22. Be courteous to everyone, friendly to no one.
23. Your number one Option for Personal Security is a lifelong commitment to avoidance, deterrence, and de-escalation.
24. Do not attend a gunfight with a handgun, the caliber of which does not start with at least a "4."
24a. A .40/10mm is just a medium bore with a better publicity agent than a 9mm. Use a .44 or .45 and Vaseline your hollowpoints

Navy Rules to Gunfighting

1. Adopt an aggressive offshore posture

2. Send in the Marines

3. Drink Coffee


----------



## Ravage (Jun 29, 2007)

What about the SEALs ? :)


----------



## MARK KING (Jul 19, 2008)

YES, IT SHOULD BE IN THE BIBLE.
RULE 21 IS MY FAVORITE.


----------



## Cecil (Sep 30, 2008)

agreed.... #21 is golden.


----------



## 7point62 (Nov 17, 2008)

Ravage said:


> What about the SEALs ? :)




1. Put on shades.

2. Look in mirror.

3. Flex muscles in mirror.

4. Kill all the bad guys.

5. Check hair.


----------



## buffalo61 (Nov 17, 2008)

7point62 said:


> 1. Put on shades.
> 
> 2. Look in mirror.
> 
> ...



Kinda like the three rules for Recon.

1. Look cool.

2. Don't get lost.

3. If you get lost, look cool. :cool:


----------



## Cecil (Nov 19, 2008)

buffalo61 said:


> Kinda like the three rules for Recon.
> 
> 1. Look cool.
> 
> ...



funny


----------



## JohnnyBoyUSMC (Mar 7, 2009)

lol, like 24, never trust any handgun round that does not start with a 4. ever.


----------



## AssadUSMC (Mar 8, 2009)

buffalo61 said:


> Kinda like the three rules for Recon.
> 
> 1. Look cool.
> 
> ...



That's classic...  My first time out "playing" recon, the Gunny in charge goes through his checklist:

"Oakleys.  Check.  Dip.  Check..."

LMAO


----------



## arizonaguide (Mar 8, 2009)

*On Deployment...*

Marines: "Damn I do love how it sucks here..."
Army: "Man, it sucks here..."
Navy: "Man, it looks like it sure sucks over there, onshore"
AirForce: "What, no cable TV here?...that _sucks_!!!"
:)


----------



## AssadUSMC (Mar 8, 2009)

arizonaguide said:


> Marines: "Damn I do love how it sucks here..."
> Army: "Man, it sucks here..."
> Navy: "Man, it looks like it sure sucks over there, onshore"
> AirForce: "What, no cable TV here?...that _sucks_!!!"
> :)



You forgot the Rangers:  "Man, I wish it sucked more..."

The cartoon for those comments is a classic.


----------



## arizonaguide (Mar 8, 2009)

Got it!!! (good point)

Marines: "Damn I do love how it sucks here..."
Army: "Man, it sucks here..." Rangers: "Man, I wish it sucked more!"
Navy: "Man, it looks like it sure sucks over there, onshore, more coffee?"
AirForce: "What, no Latte machine _or_ cable TV here?..........._that sucks!!!_"


----------



## tookback yesterday (May 10, 2009)

Ravage said:


> What about the SEALs ? :)



1. Walk towards enemy
2. Participate in breif firefight with the enemy
3. runaway from the enemy
4. Evac before the enemy finds out where you went
5. Call in the Marines
:):):)


----------



## arizonaguide (May 10, 2009)

Nobody said SEALs were stupid. ;) That's called effective "recon by fire" intelligence correct?

Like ninjas.


----------



## CBTech (May 31, 2009)

tookback yesterday said:


> 1. Walk towards enemy
> 2. Participate in breif firefight with the enemy
> 3. runaway from the enemy
> 4. Evac before the enemy finds out where you went
> ...



You are pretty ignorant.
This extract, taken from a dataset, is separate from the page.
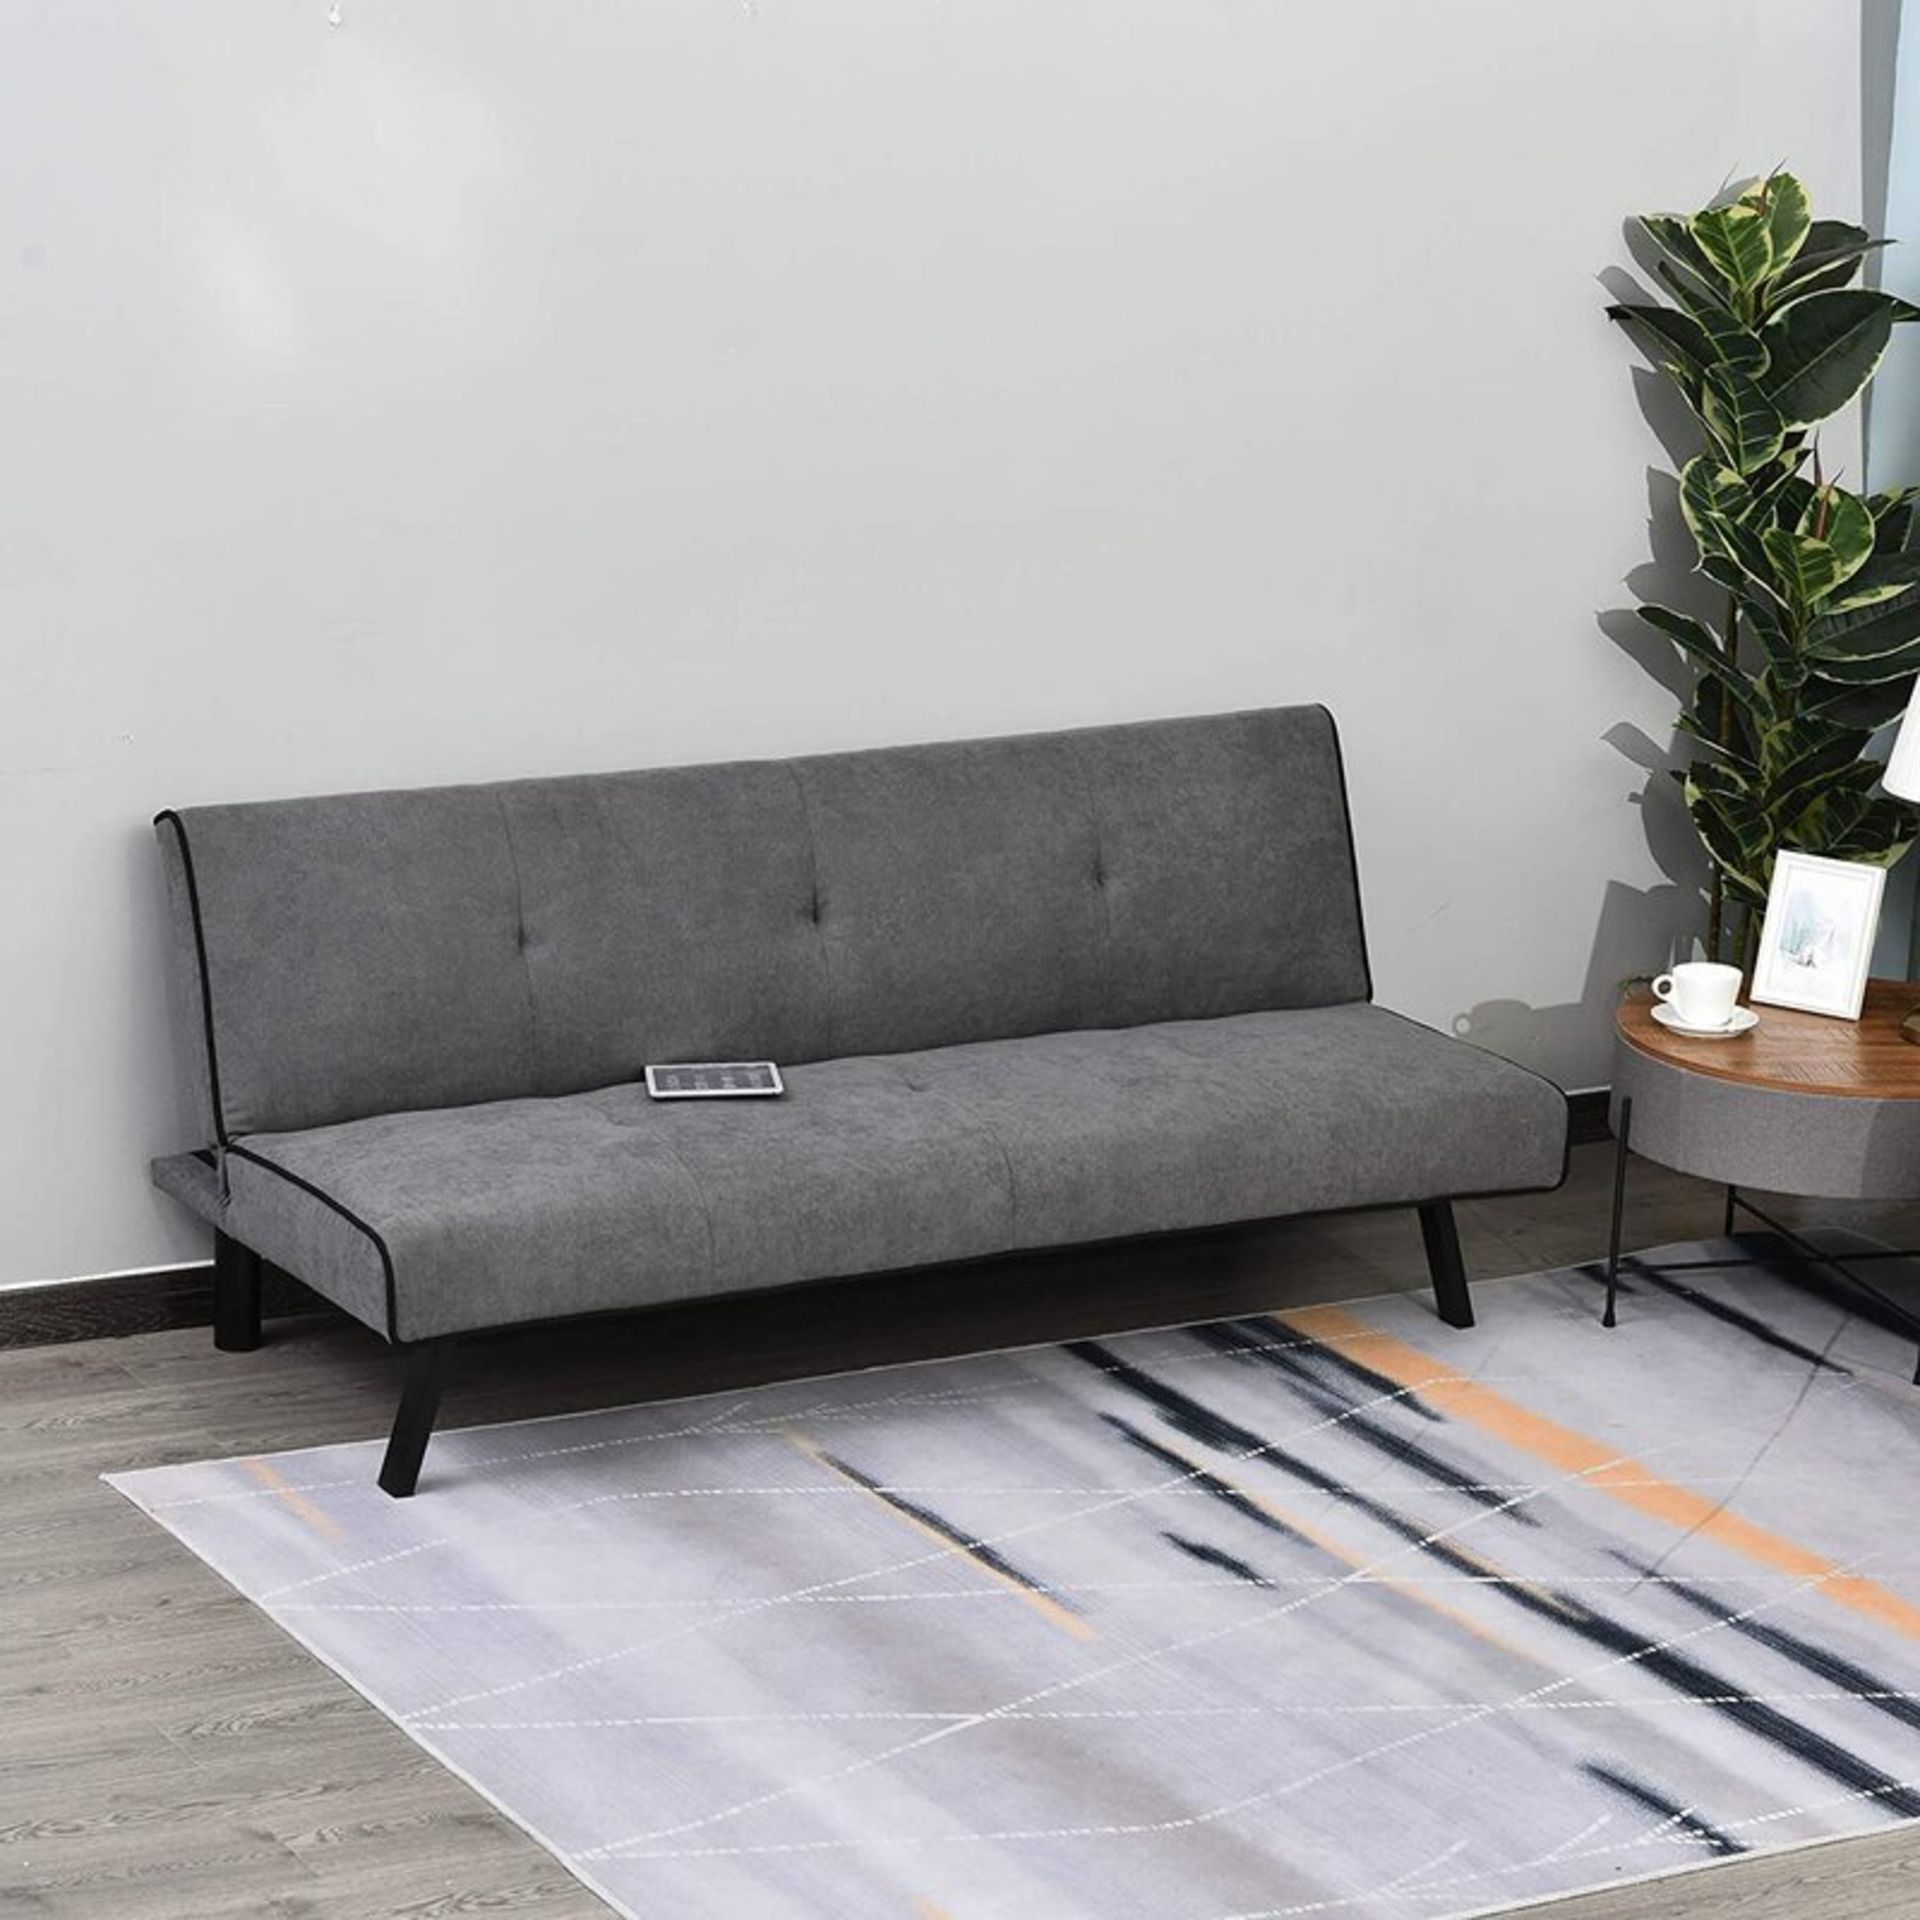 Stali 3 Seater Fold out Sofa Bed - RRP £249.99

I have read your post about Rangers and here you are spouting off about NSW. And you say you want to be a Marine? I hope you sign up so as they can fix your ignorance.


----------



## amlove21 (May 31, 2009)

Ugh, this kid. 

Tookback, brokeback, whatever- guys on here can make fun of one another from time to time because we share a common bond. You do not have that commonality, so take some kind words of advice. Shut THE FUCK up. I dont care what the topic is- unless its fourth period Economics, keep your mal-informed, recruiter driven, bullshit opinion to yourself. If we ever venture into high school level Civics, then by all means, hold court. Until then I'd be very careful with your posts. 

With that aside, step your game up and take this for what it was- help- and move on. Have a good day, and get your ass outside and do some PT. (There you go SFMED).


----------